# We have got a new addition



## Kat28 (Mar 19, 2008)

Well it didnt last long before aaron has talked us into another hamster.Just got back from garden centre complete with a new addition .Will take some pics when he has settled in.Sqeeking alot at us at min


----------



## rottiesloveragdolls (Nov 2, 2007)

*aww bless you old softy you   *


----------



## Kat28 (Mar 19, 2008)

I know im too soft for my own good .Really must learn to say no.

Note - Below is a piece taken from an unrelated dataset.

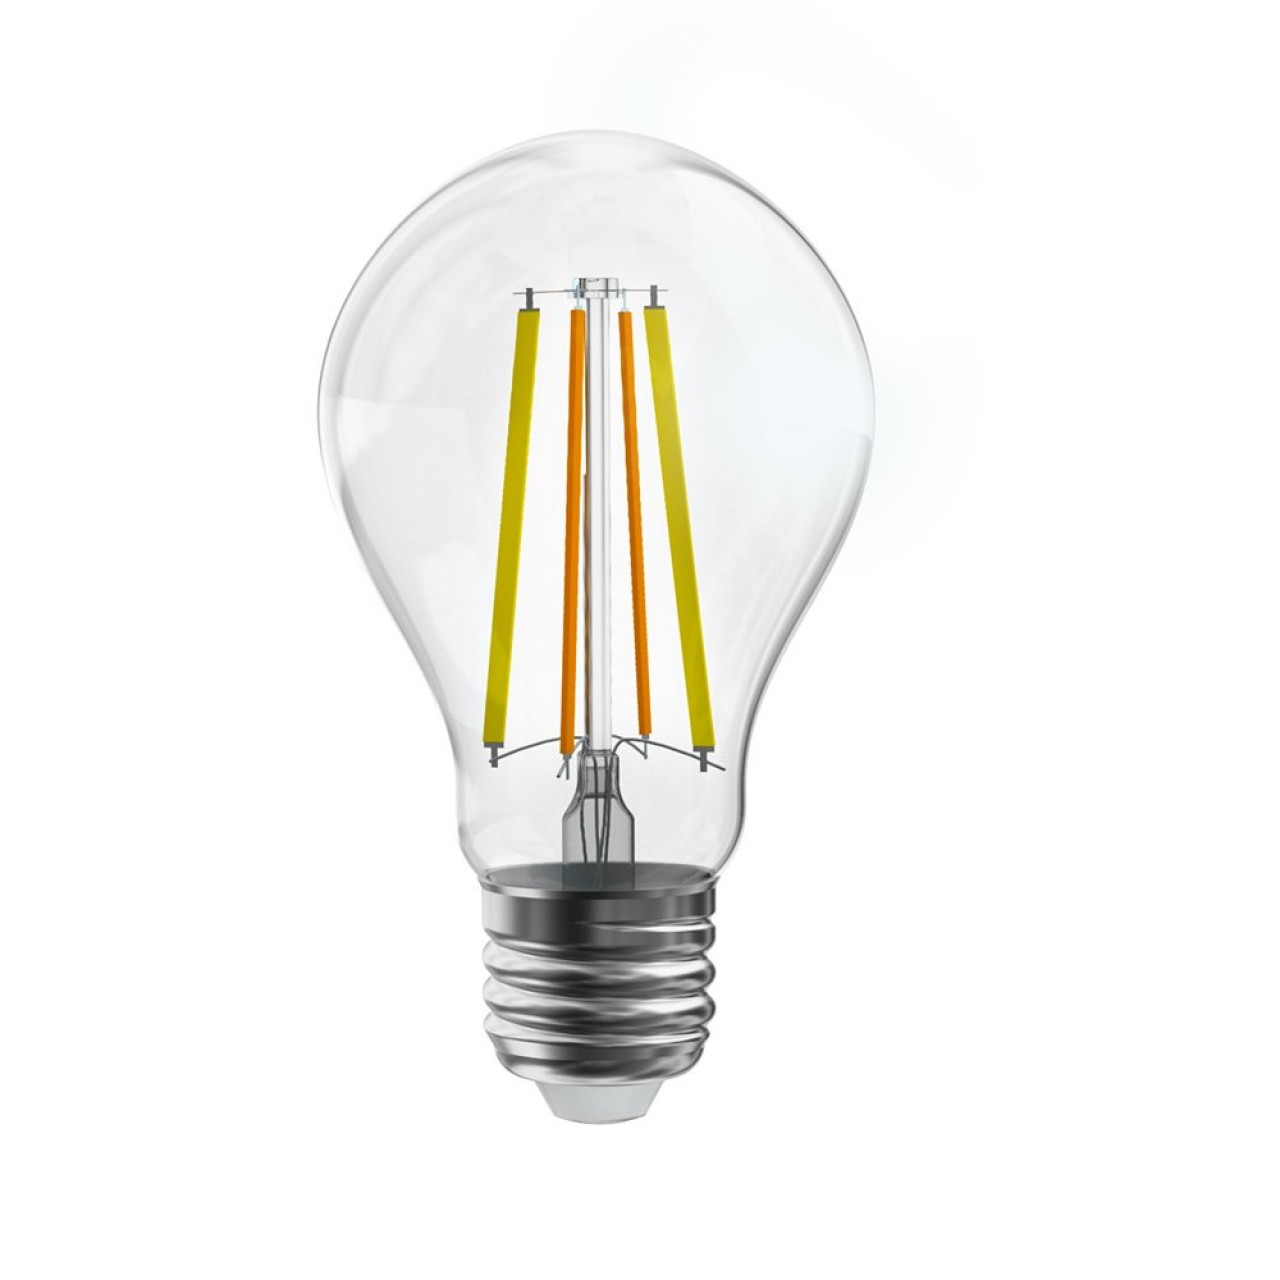 Sonoff Smart Λάμπα LED για Ντουί E27 και Σχήμα A60 Ρυθμιζόμενο Λευκό 806lm Dimmable - 5476

Just find it very hard when he is stood there saying ahh go on mum pleeeeeeeeeeeeeeeeeease


----------



## thedogsmother (Aug 28, 2008)

"Oh yes you must be tougher, its not hard to walk away from a cute little hamster and a child begging you to take it, honest I do it all the time"............................... is what I would say if I was lying through my teeth . Can't wait to see the piccies


----------



## srhdufe (Feb 11, 2009)

thedogsmother said:


> "Oh yes you must be tougher, its not hard to walk away from a cute little hamster and a child begging you to take it, honest I do it all the time"............................... is what I would say if I was lying through my teeth . Can't wait to see the piccies


hmmm... now who has Xander??


----------



## thedogsmother (Aug 28, 2008)

srhdufe said:


> hmmm... now who has Xander??


Ha ha, I know, but I was only collecting Xander for erm a friend of a friend Kat28 had no hope, if I can't turn away from a cute hammie, she had aaron begging and cute hammie vibes, all hope of leaving without a hamster was lost.


----------



## Kat28 (Mar 19, 2008)

thedogsmother said:


> Ha ha, I know, but I was only collecting Xander for erm a friend of a friend Kat28 had no hope, if I can't turn away from a cute hammie, she had aaron begging and cute hammie vibes, all hope of leaving without a hamster was lost.


Totally agree i had no chance lol.Will let him settle over night then try and get some pics tomorrow. He is really cute and exactly same colour as his old 1we had to have pts on wed due to old age.


----------